I apologize for bringing this topic up once more...I used to have a sand substrate. However, I got fed up with the maintenance it required. I decided to try the pool filter sand. Sadly, they do not sell the brands you guys are using and I am wondering if you could tell me what is the grain size of the common commercial pool filter sand which is mentioned so many times on the forum.

The quartz (silica) grains I have are around 0.8-1.5mm. It's relatively small compared to gravel but it's not as fine as the sand I used to have.

Thank you for your help.


----------



## Sprungster (Mar 17, 2008)

:thumb: any1?


----------



## pro zac (Apr 24, 2008)

i didnt know that pfs came in different sizes, i just bought the pfs that was at the supply house, well actually my friends a pool guy so he got it for me for free.


----------



## macclellan (Nov 30, 2006)

The PFS from Home Depot is much larger grain than from Lowes. Your mileage may vary.


----------



## Bizill (Jul 20, 2008)

my pfs, not being in front of me at this second, says something to the effect of "#20" iirc?


----------



## zazz (Apr 5, 2008)

i would say that my pool filter sand is the same as sugar.....if that helps.


----------



## magic_cichlid (Jun 30, 2003)

I got mine from Ace Hardware. $19 for 100 lbs, and it's a large grain size.

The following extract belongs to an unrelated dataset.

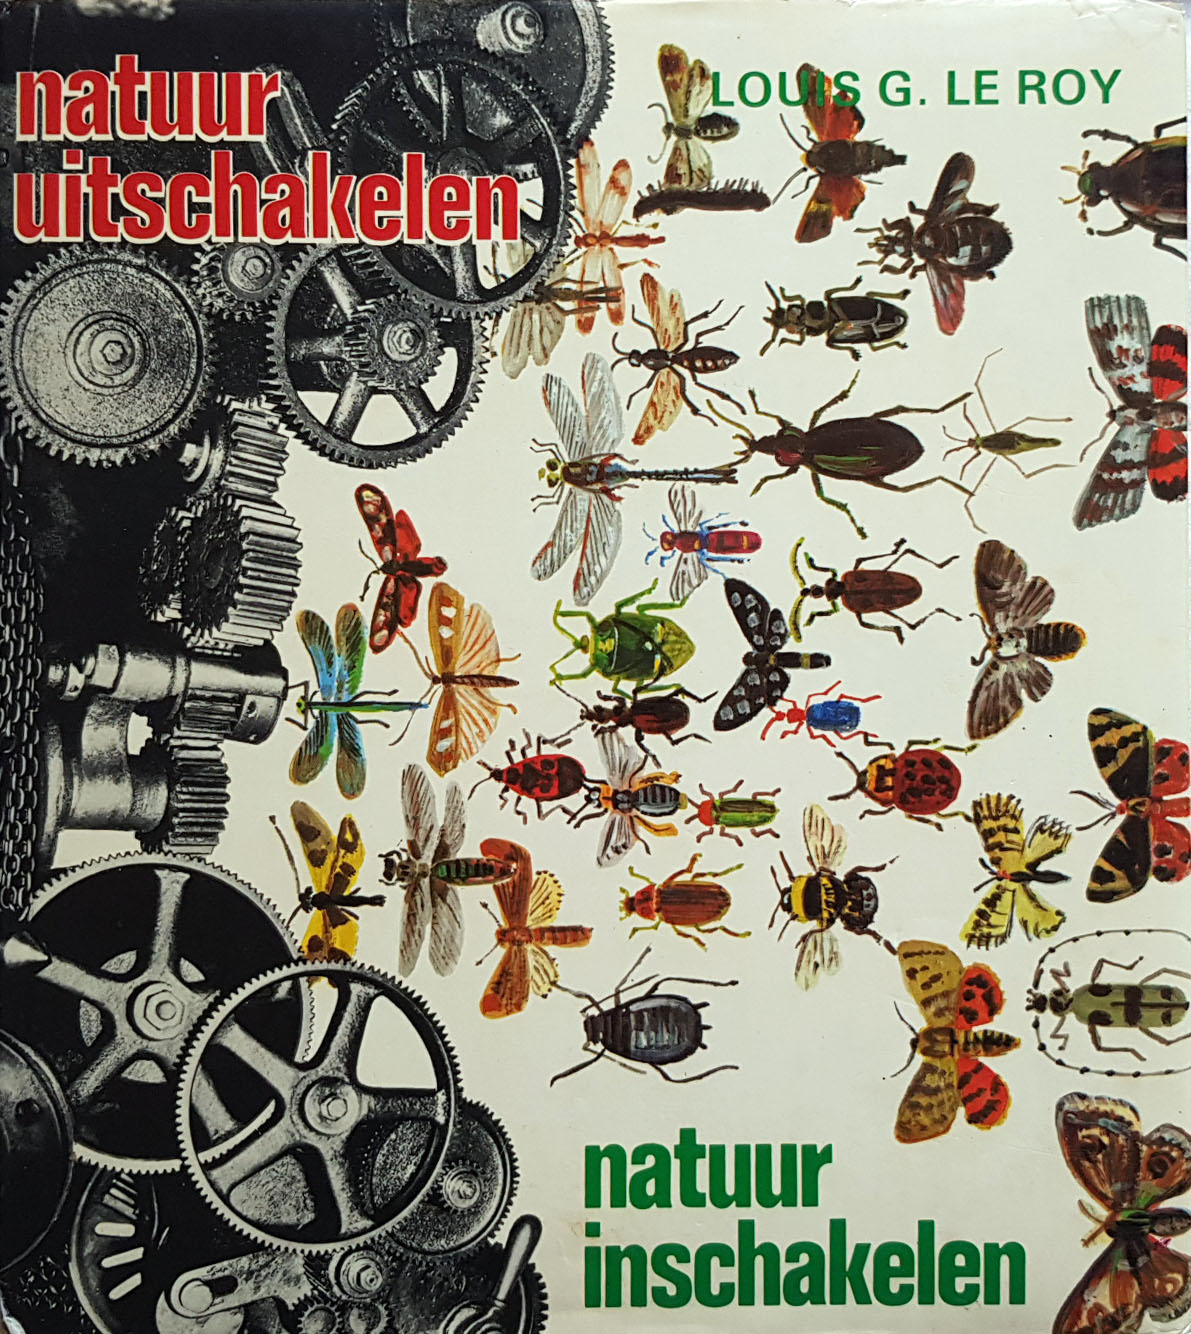 1973 natuur uitschakelen natuur inschakelen

I've had the Leslie's Pools sand too and I like Ace's better. Just a thought in case you have an Ace nearby.


----------



## pro zac (Apr 24, 2008)

lowes is expensive! at the pool supply houses its only $5 per 50lbs


----------



## Hoosier Tank (May 8, 2007)

magic_cichlid said:


> I got mine from Ace Hardware. $19 for 100 lbs, and it's a large grain size. I've had the Leslie's Pools sand too and I like Ace's better. Just a thought in case you have an Ace nearby.


"Location: Israel".... doubt if there is one close. :wink:


----------



## zazz (Apr 5, 2008)

erm ....ace hardware is wherever america goes..... so all the colonies have them...including the philippines and israel. :thumb:


----------



## magic_cichlid (Jun 30, 2003)

lol...sorry about that...a minor detail. :lol:


----------